Les Moudjahidine ont fait cette découverte déterminante que s’ils voulaient résister à la tyrannie religieuse, ils devaient lutter contre le patriarcat et l’intégrisme, c’est-à-dire l’idéologie sexiste. Cette révolution interne émane de la vision qu’à l’OMPI des êtres humains et qui est à l’antipode de la vision réactionnaire de Khomeiny. Certes, les êtres humains naissent d’un point de vue physiologique femmes ou hommes, mais ils sont égaux en humanité.

L’idéologie sexiste, elle, croit dans la supériorité du genre masculin sur le genre féminin. C’est une conception érigée par l’histoire et la culture de l’oppression et de l’exploitation qui a contribué à enchainer les femmes, les hommes et toute la société. Par conséquent, l’idéologie sexiste ne concerne pas les instincts humains, ni le genre ni la nature de la femme ou de l’homme, mais bien la conduite, l’état d’esprit et la culture forgés par l’oppression et l’exploitation.

Dans l’idéologie intégriste de Khomeiny, les hommes tirent leur identité de la répression, en particulier de la domination des femmes. C’est ce qui les dirige. Cela signifie que la personnalité et l’identité de l’homme dépend de la répression et de l’exploitation de la femme et sans le sentiment de supériorité par rapport à la femme, il se sent vide et dépourvu d’une véritable confiance en soi.

Dans cette idéologie, les femmes aussi considèrent logique et naturel d’être dominées par les hommes et de leur être inférieures. Par conséquent, les femmes conçoivent un caractère autre que leur humanité. Un caractère d’objet évalué à sa valeur marchande par les autres. En d’autres termes, les femmes sont aussi prisonnières de cette conception qu’elles ont d’elles-mêmes. Comme le disait Simone de Beauvoir : « On ne nait pas femme, on le devient. »

En vérité, les relations entres les femmes et les hommes sont extrêmement éloignées de leur nature humaine. Cela veut dire que ni la femme se considère comme un être égal, ni l’homme ne considère la femme comme un être égal.

Le résultat de cette vision, c’est d’accorder une priorité aux caractéristiques génétiques et héréditaires propre à la personne, comme le sexe, l’apparence, la nationalité, l’ethnie et la langue. Cela signifie accepter un destin aveugle. Alors que de notre point de vue, c’est le choix et l’action de la personne qui forgent son humanité et son caractère.

A chaque fois qu’un être humain réussit à écarter cette fabrication sociale et historique, cela génère de la liberté pour tous, hommes et femmes.

Nous avons discerné que l’idéologie sexiste, à savoir justement cette conception rétrograde que les mollahs ont de l’être humain, empêche les capacités humaines de se manifester.
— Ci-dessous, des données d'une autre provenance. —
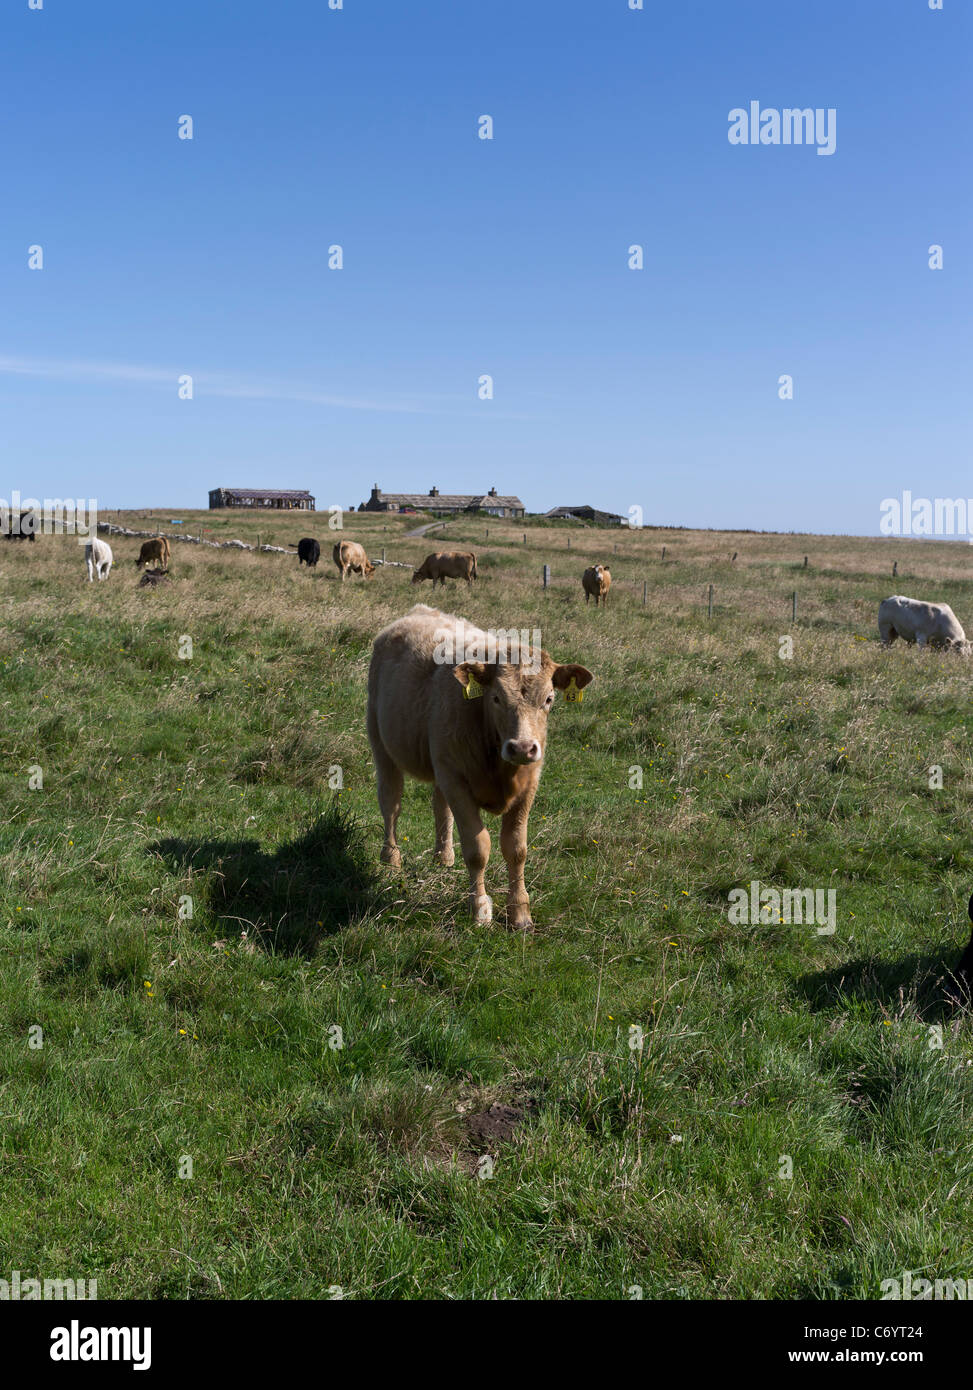 dh Hundland PAPA WESTRAY ORKNEY vaca de ternera escocesa en el campo de vacas cottage norte islotes escocia ganado de ternero Foto de stock
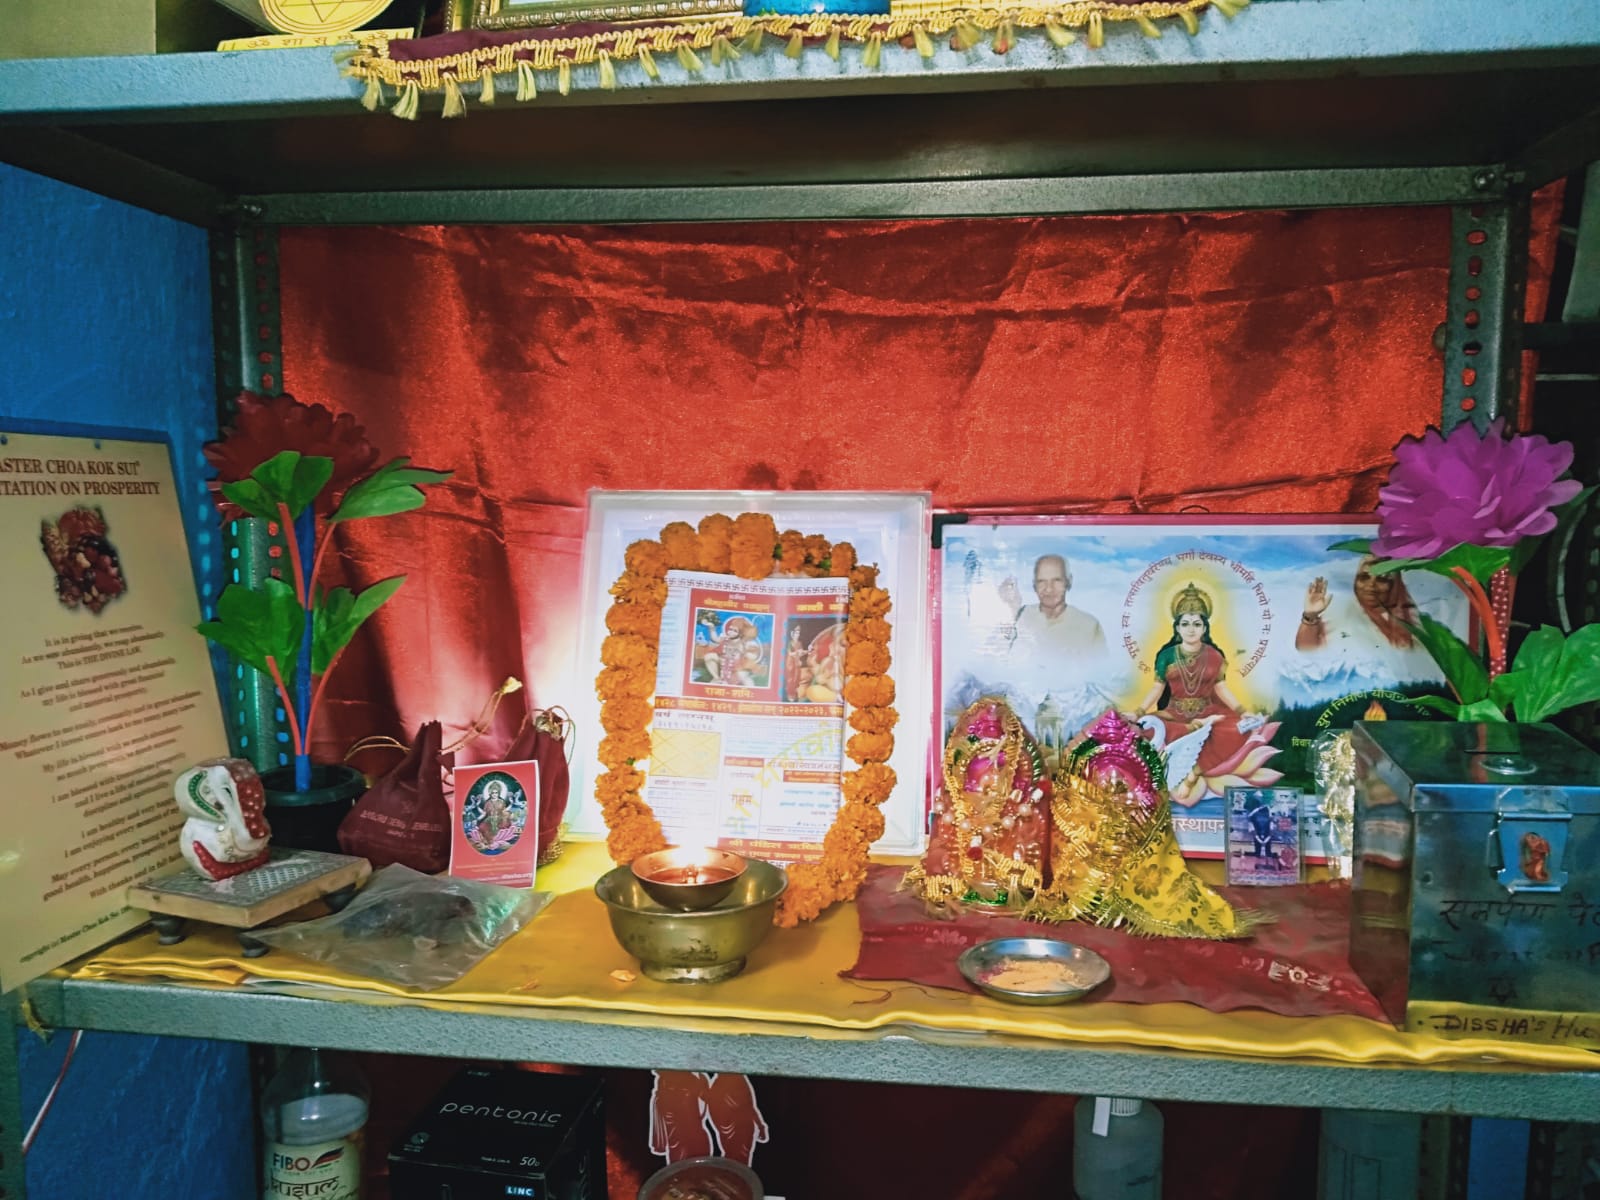 “भारतीय नव वर्ष”डिवाईन इंडिया सायंस एण्ड स्प्रिचुअल हैप्पीनेस एसोसिएशन-दिशा” की शाखा मे मनाई गई–हरीपुर

Quand cet obstacle a fini par être écarté dans une lutte longue et collective, les femmes au lieu de se résigner et de fuir les responsabilités, ont acquis un sens des responsabilités et se sont chargées dans tout le mouvement des rôles les plus cruciaux. Par la suite, les hommes aussi ont pu prendre leurs distances avec la vision et la conception arriérée des femmes et dans la pratique sont devenus des défenseurs de la cause de l’égalité. Ce sont les femmes qui doivent payer le tribut de la liberté, de l’émancipation et de la foi en soi et ce n’est qu’ensuite que cette voie s’ouvre pour les hommes.

Oui, c’était une révolte contre cette pensée réactionnaire et une révolte contre ces chaines qui asservissent. Comme la formule de transformation de la matière en énergie E=MC2, elle a libéré une énergie torrentielle à l’intérieur du mouvement qui est devenu la source de son endurance face à ce régime inhumain.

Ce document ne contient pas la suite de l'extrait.